Of course, he would say that Caroline's mother had been a paragon, even if he scarcely remembered her. But it was his last statement that snagged her attention: more siblings? A father-this father? And maybe, once she'd gotten used to the idea, a member of the band's road gang wouldn't be such a terrible mother figure. Lord, even an irresponsible, drugged-out groupie of a mother would be better than…

With that thought Caroline shook off her father's grip and turned to lay a tentative finger on the slim wrist of the woman between them. "Lauren? I am so sorry about Ondine."

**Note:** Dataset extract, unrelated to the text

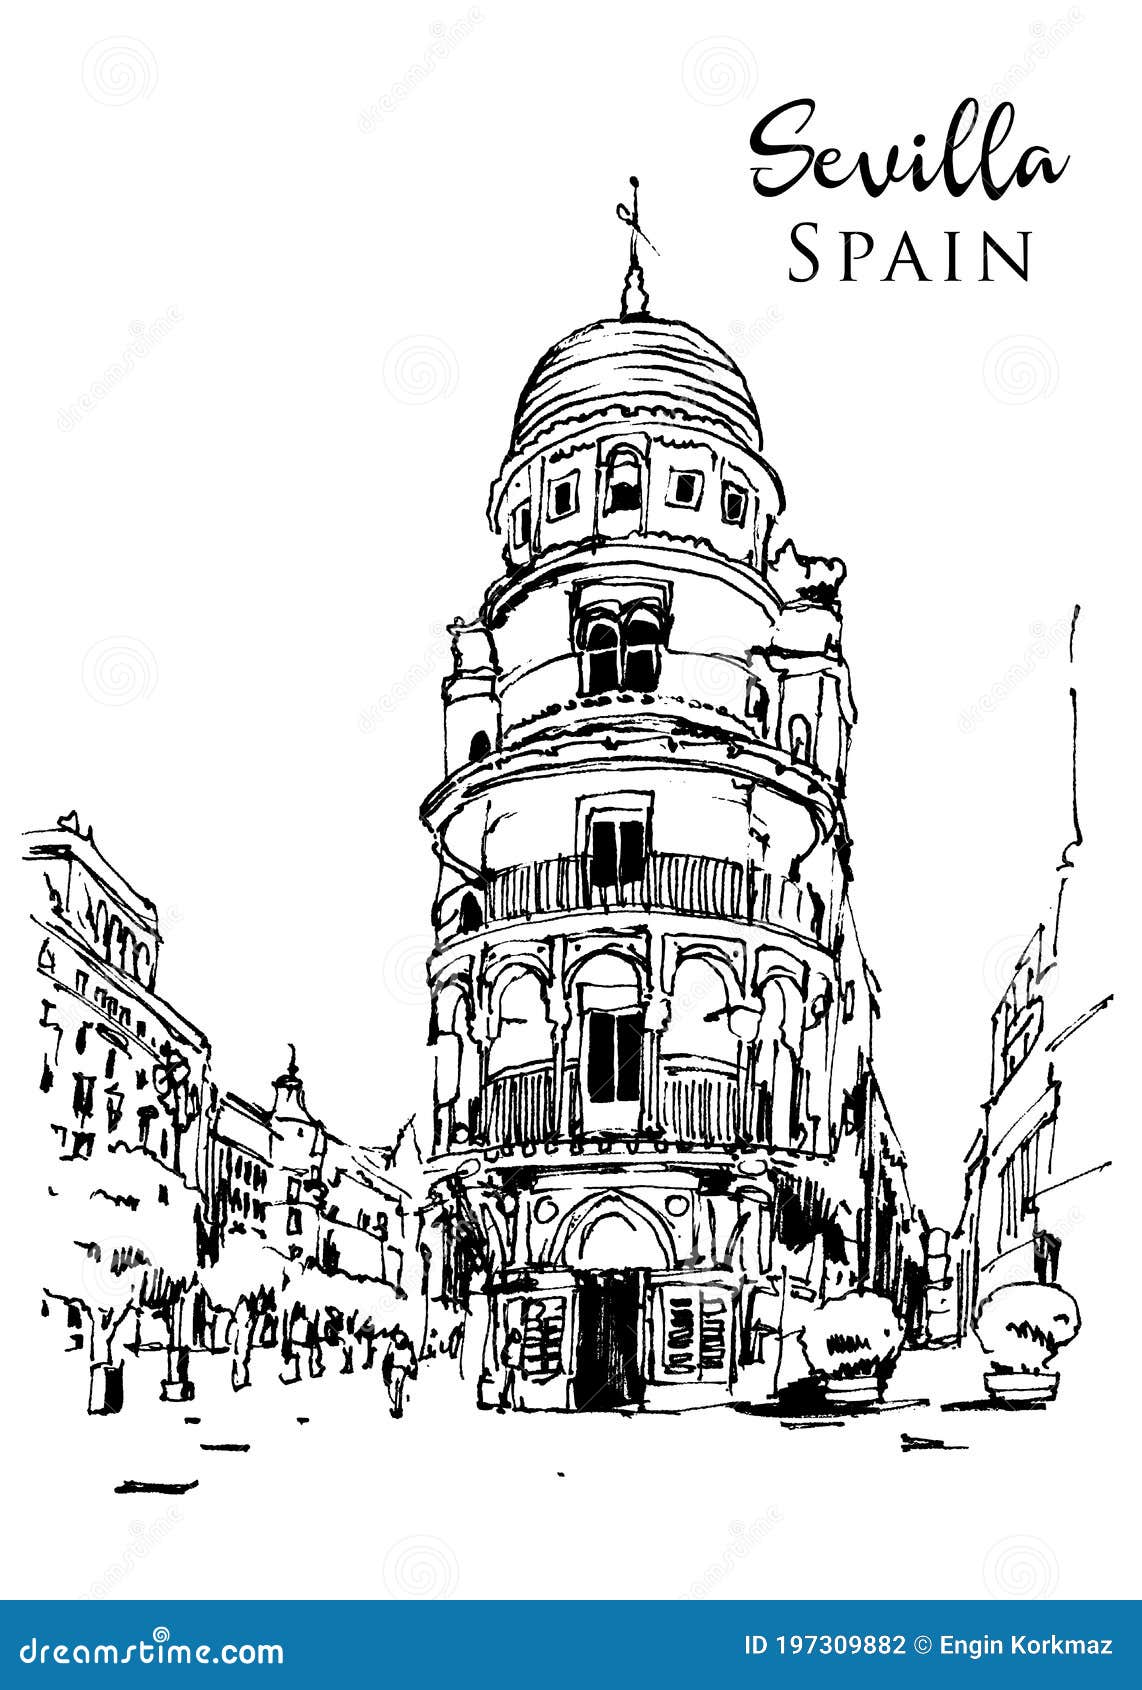 drawing sketch  of edifico la adriatica in sevilla, spain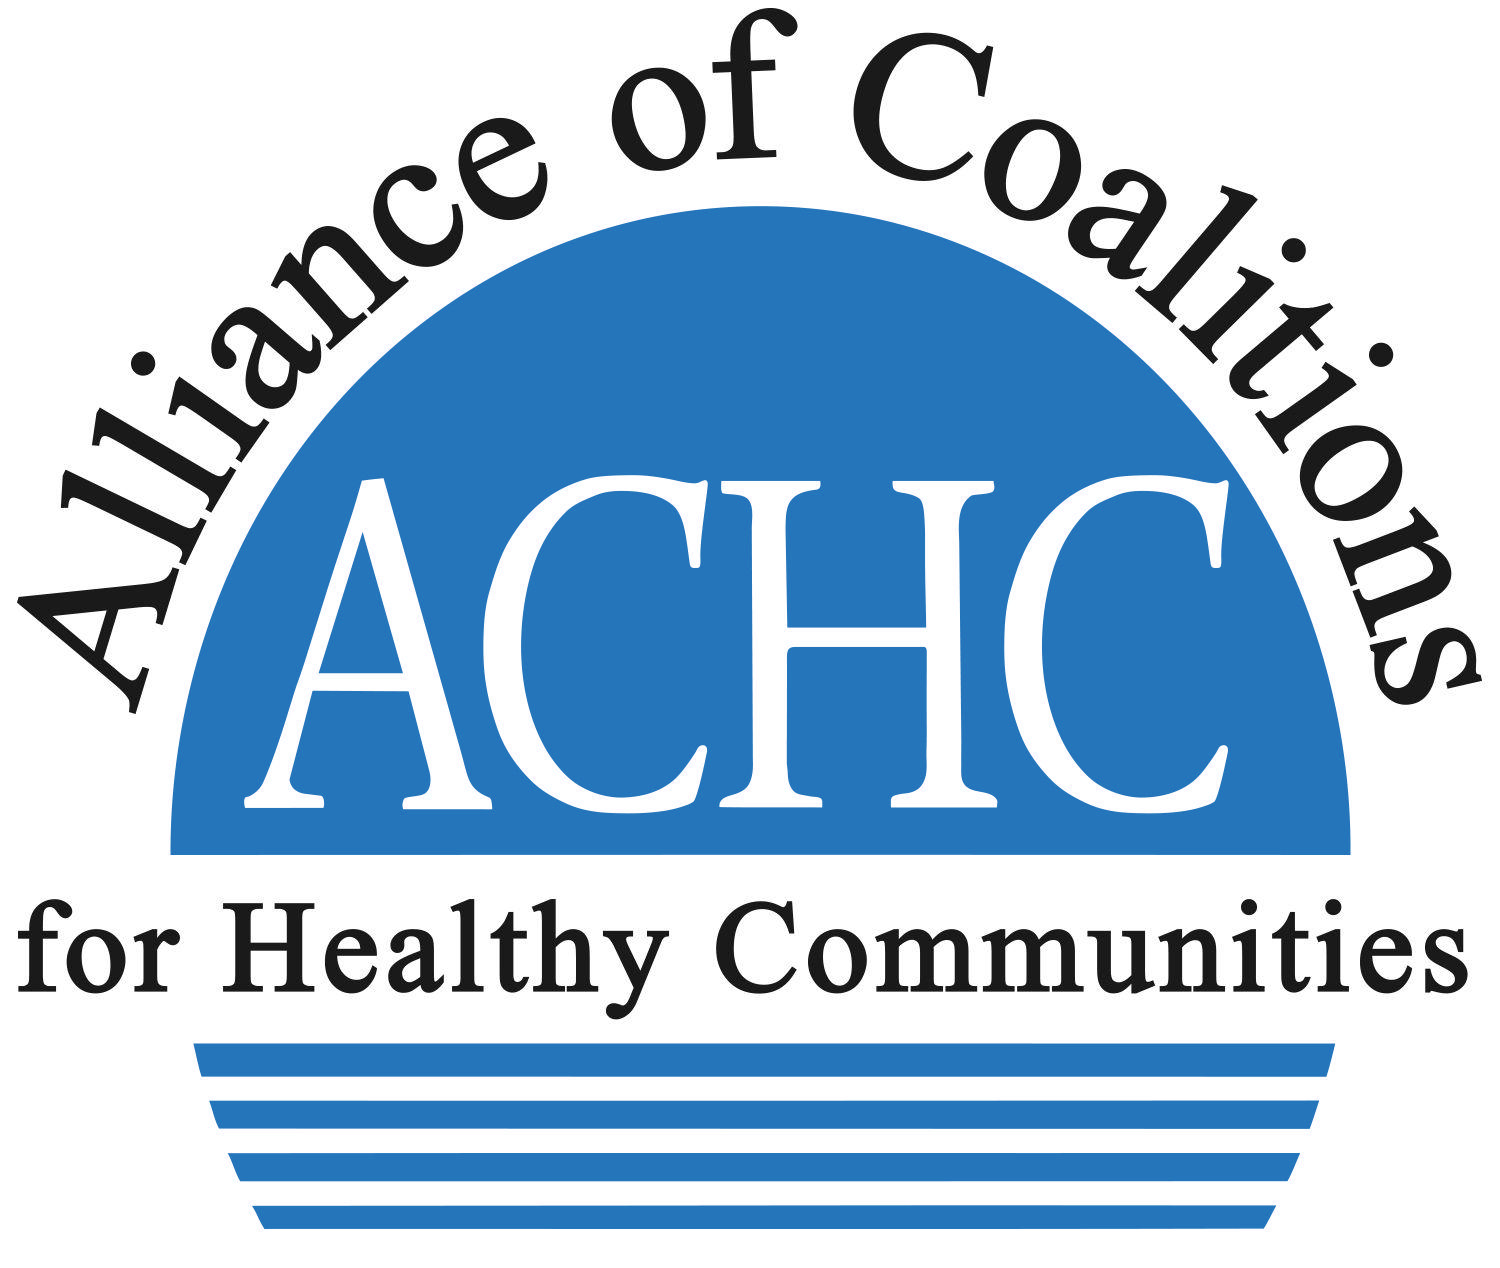 Achc Logo - ACHC

Emilio answered. "Giving those people in the library the fact that Ondine was the daughter of Lauren Sullivan was Lauren's own idea. Obviously, someone in the group will sell the story to the papers before the ashes in that fireplace are cold. We'd thought of it before, but after Ondine died, we wanted Lauren to keep it quiet. She said no, and she's right. Doing it this way will distract the media, giving them a bone to chew so they don't keep digging and get the rest of the story. If they found out that the four of you are tied together, by blood and marriage, the feeding frenzy would never let up."

Douglas looked ill.

"At least Ondine's death was quick," the actress said, although none of them believed she found much consolation in the fact.